The 10-second video clip was sent anonymously by email Sunday afternoon to the student newspaper, The Oklahoma Daily, and to a campus organization. Within hours, it had the nation’s attention.
University President David Boren — a former governor and U.S. senator — was outraged. He quickly ordered the fraternity house vacated and closed, declaring that “effective immediately, all ties and affiliations between this university and the local SAE chapter are hereby severed.”
A day later, he expelled two students whom he identified as being in “leadership” roles connected to the obnoxious singing.
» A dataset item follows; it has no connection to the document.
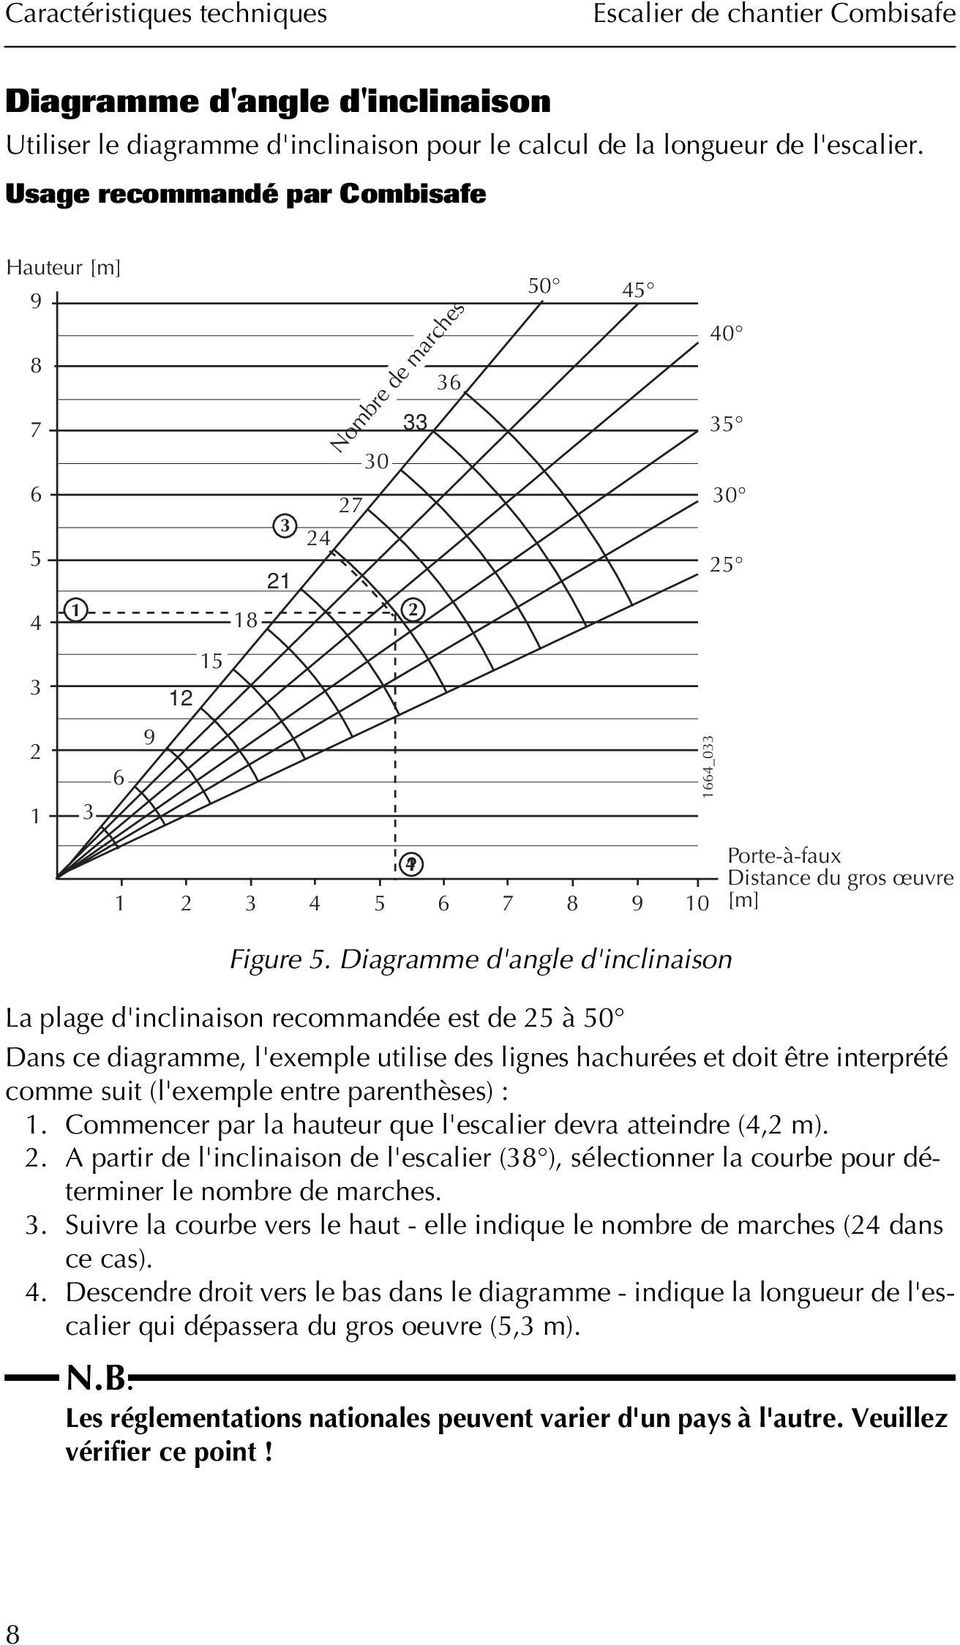 Diagramme d'angle d'inclinaison La plage d'inclinaison recommandée est de 25 à 50 Dans ce diagramme, l'exemple utilise des lignes hachurées et doit être interprété comme suit (l'exemple entre

And it’s there where Boren crossed a clear constitutional line.
Condemning the song in the strongest possible way, at multiple occasions: Yes: Exactly the kind of response the First Amendment provides for — more speech to counter speech you don’t like.
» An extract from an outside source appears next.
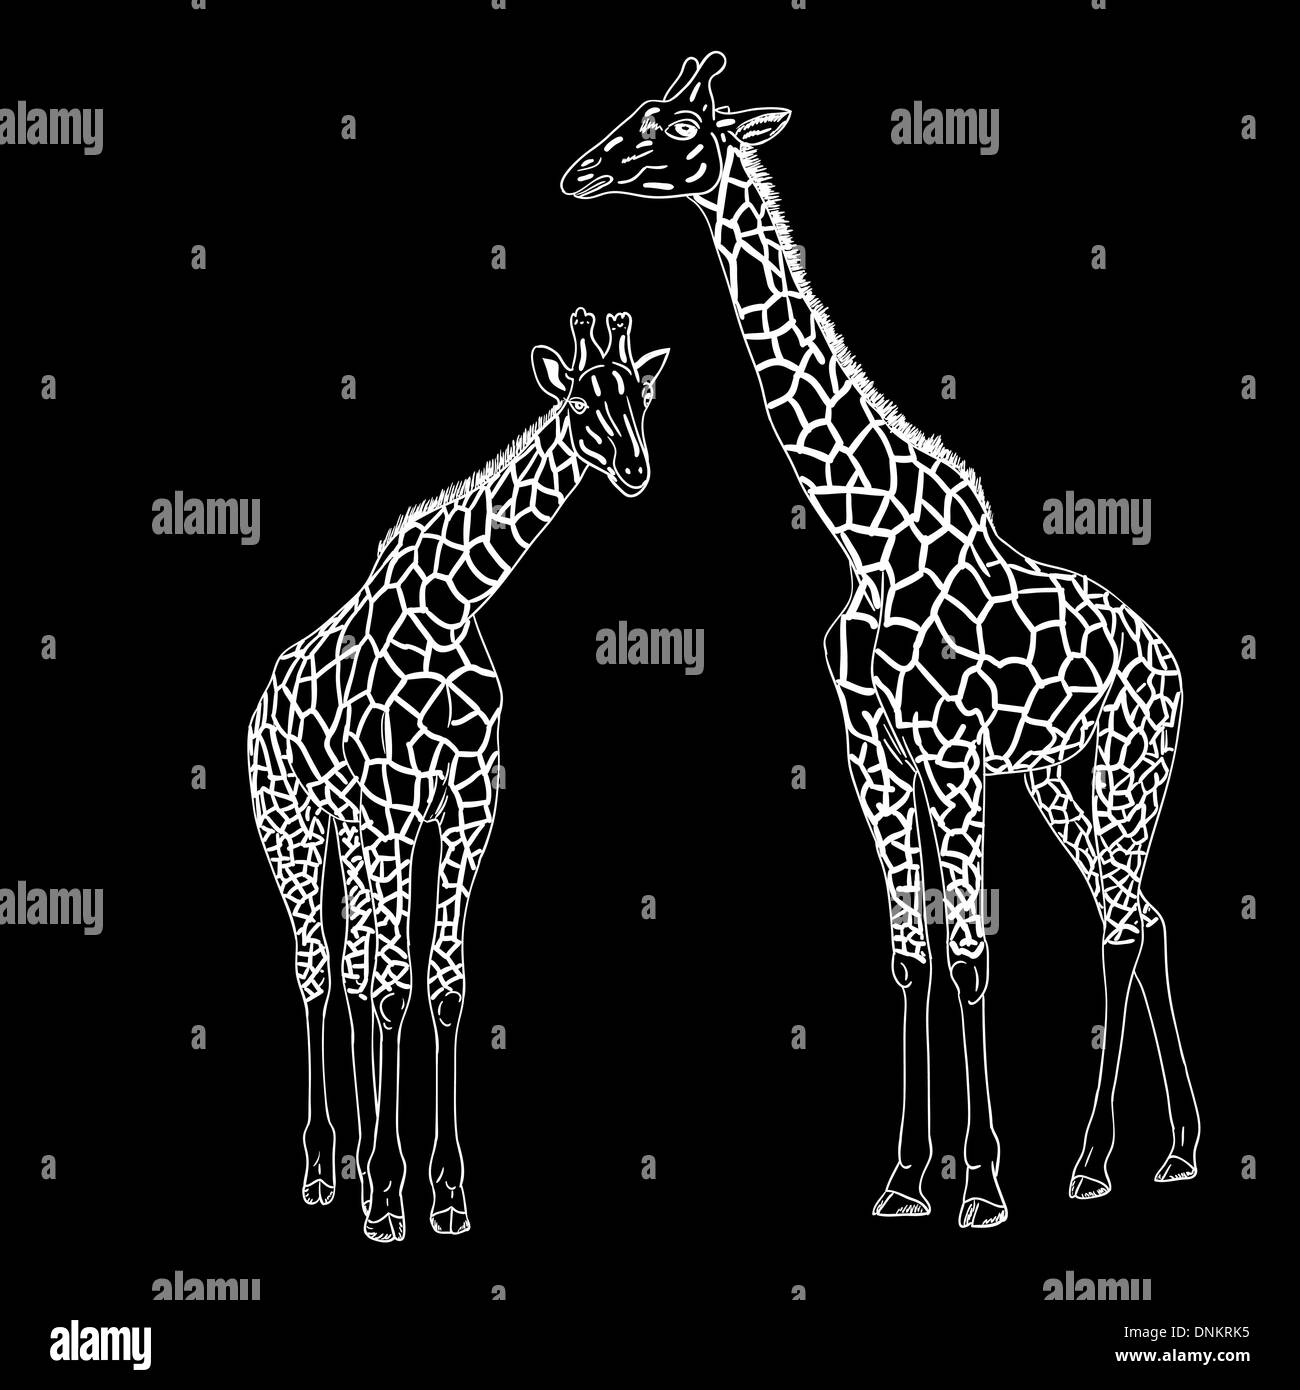 Zwei Giraffen. Vektor-Illustration. Stock Vektor

Shutting down the frat house: The university’s regents apparently own the building and may evict occupants. The national governing body of SAE, as a private operation, also had the right to end its affiliation and to close down its own local chapter.
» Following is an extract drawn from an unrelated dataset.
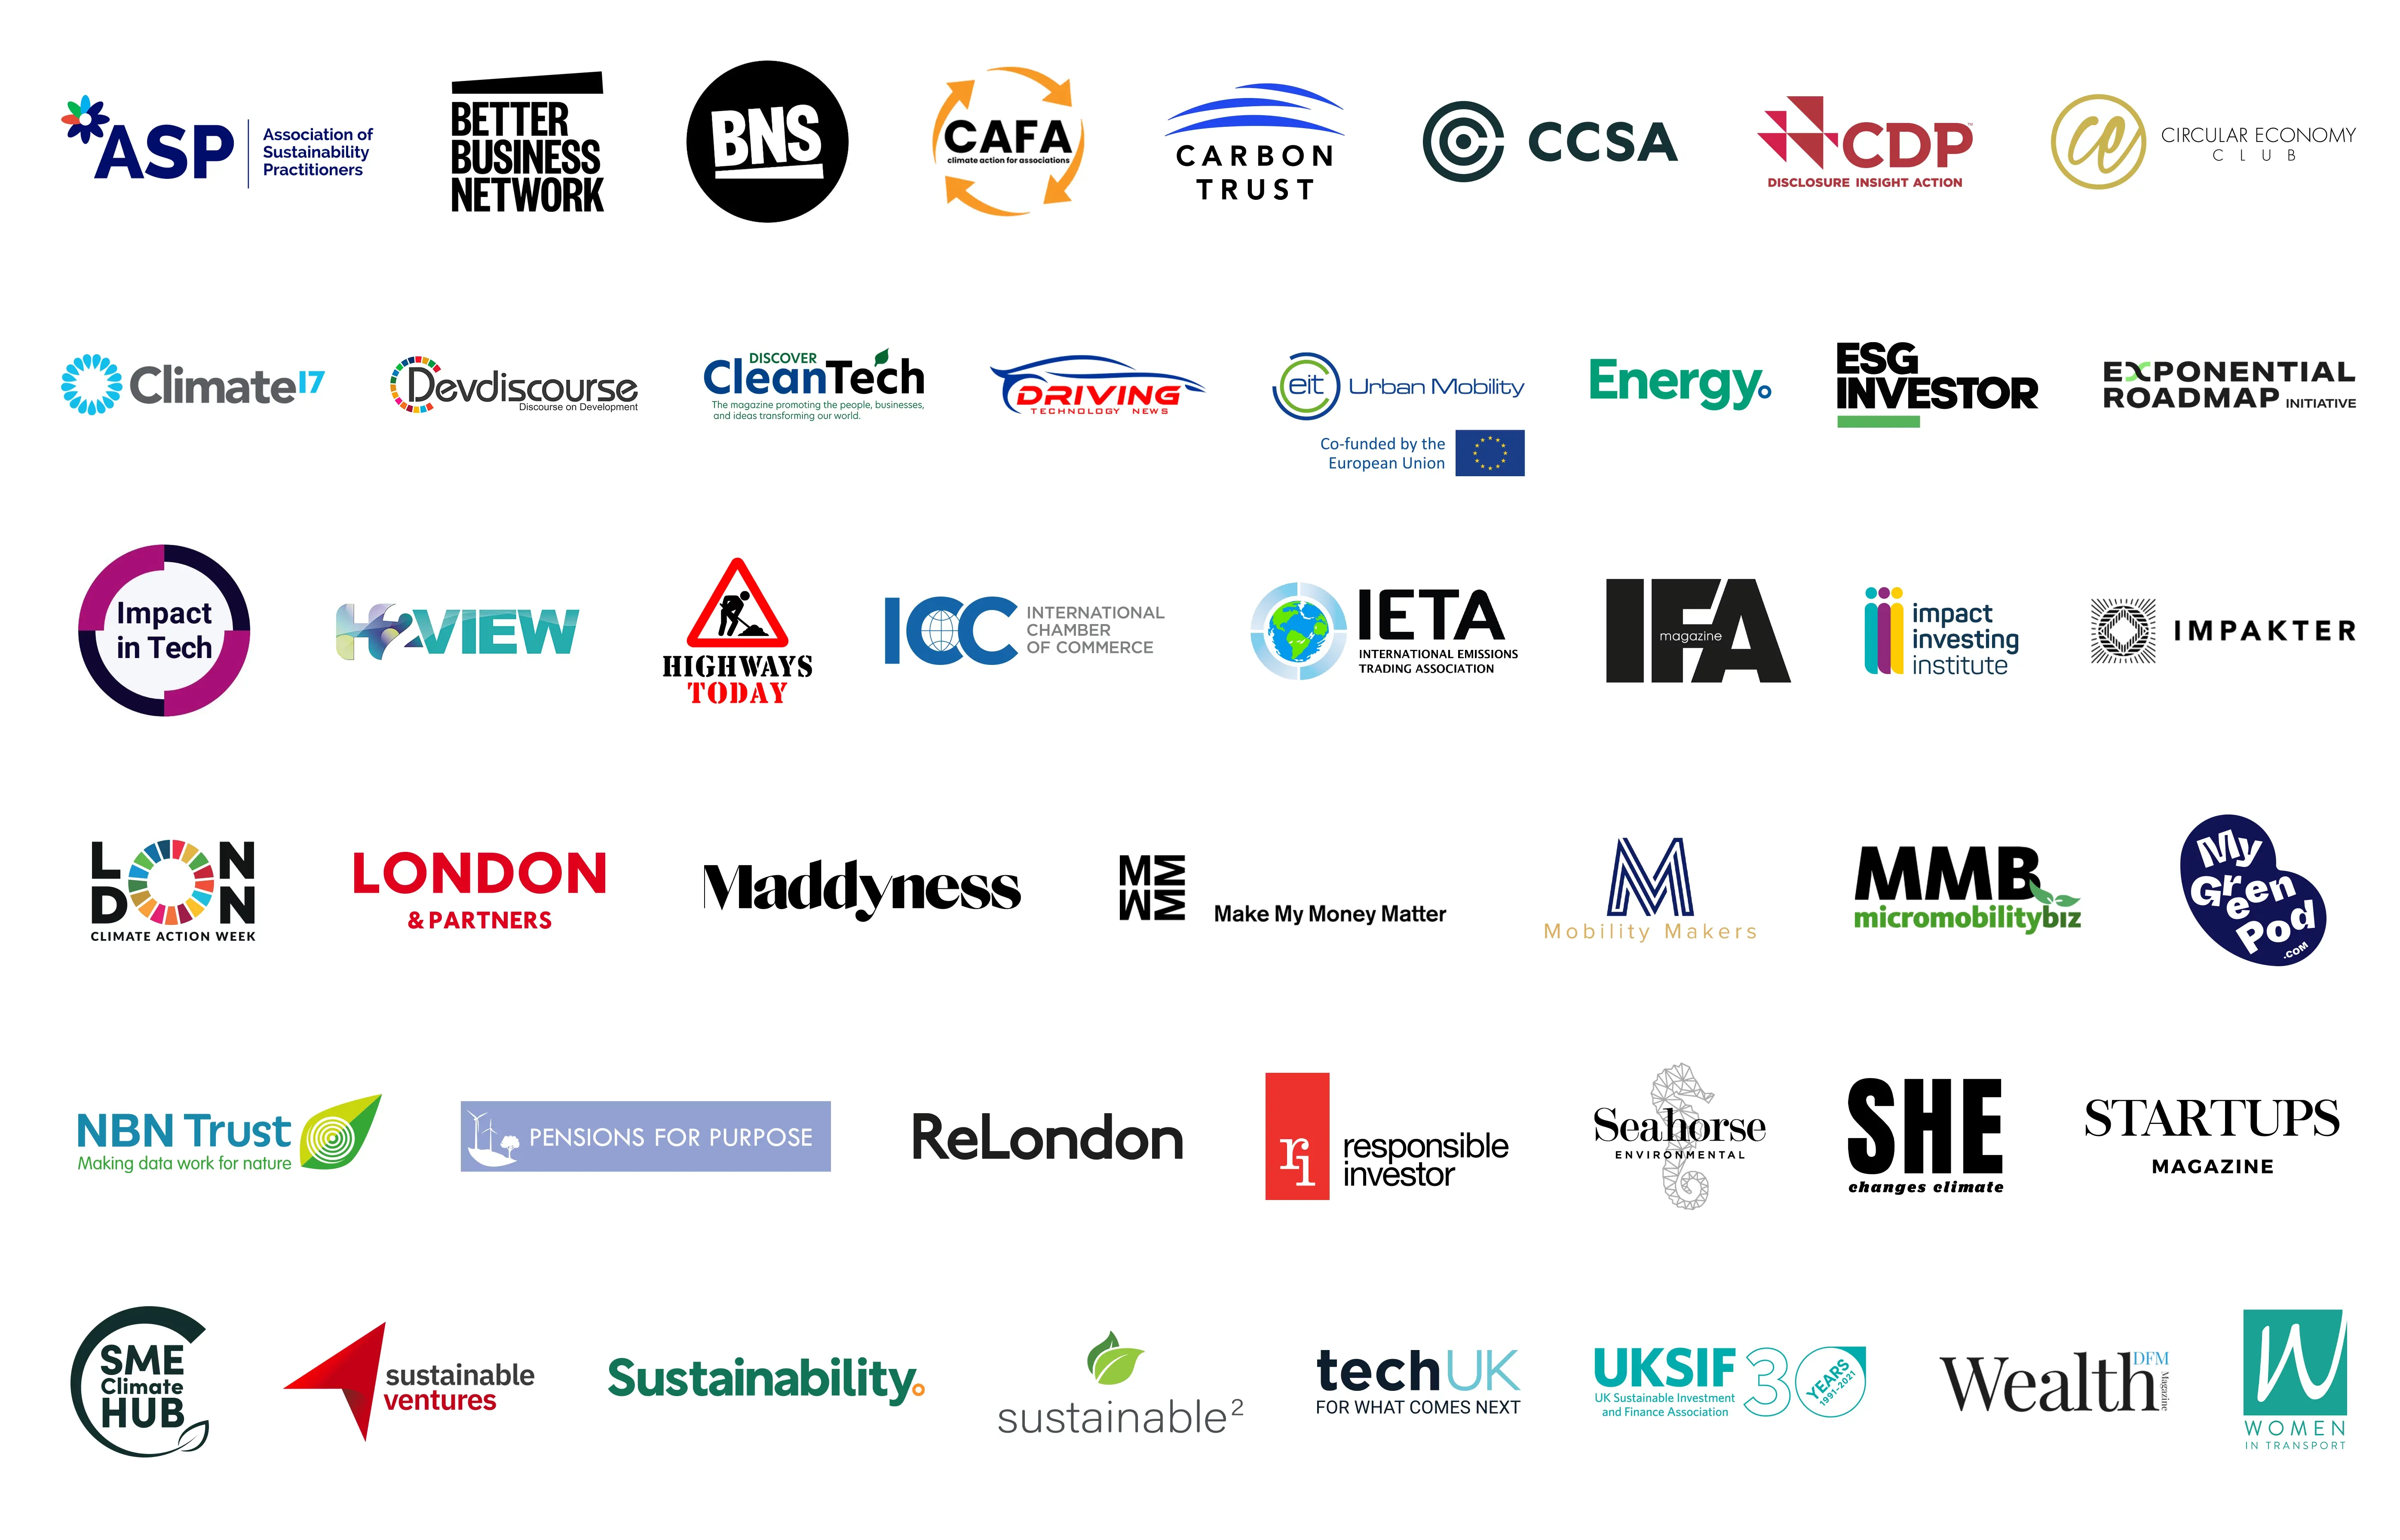 Associations and media partner logos

But a host of cases reaching all the way to the U.S. Supreme Court, some involving similarly repugnant behavior — a fraternity’s “ugly woman” contest, for example — say clearly that content-based punishments of individual speakers will not stand.
Boren said Monday that any punishments would be “carefully directed” to pass constitutional muster and cited his belief the singing students were creating a “hostile learning environment.” But saying it’s so doesn’t make it legal — or right.
Boren and a few scholars have raised the specter of potential civil rights violations or violation of the school’s student code of “rights and responsibilities,” and indirectly embraced the underlying logic of what courts have called “optimum conditions for learning” and a university’s “substantial interest in maintaining an educational environment free of discrimination and racism.”
But even those worthy elements run up against the core First Amendment principle that government may not punish anyone for the content of their speech or for having a view that many — or even most — find offensive.
Put most simply: We have the right to offend others and to freedom from the fear of being punished for expressing such views.
If the expulsions are challenged in court, the university will have the difficult task of proving that this one-time incident constituted a direct or pervasive threat or provocation, substantially affected the ability of OU students to get a good education, and that there were no other, more-narrowly focused actions than expulsion available to counter the negative impact. The student code would fall even more quickly before the First Amendment right of free speech — which cannot be signed away or overridden via a college rulebook.
Clearly, the public excoriation, rallies, marches, closing of the frat house and already announced plans for the university community to conduct meetings and seminars to put more emphasis on diversity, offer such alternative — and longer-lasting — remedies. And all of those are more First Amendment-oriented than expulsion.
But can any real question remain that by expelling them, this public university wasn’t punishing the two students — and potentially more involved in the incident — for the content and viewpoint expressed in that reprehensible “song”?
Let’s not compound one wrong with another.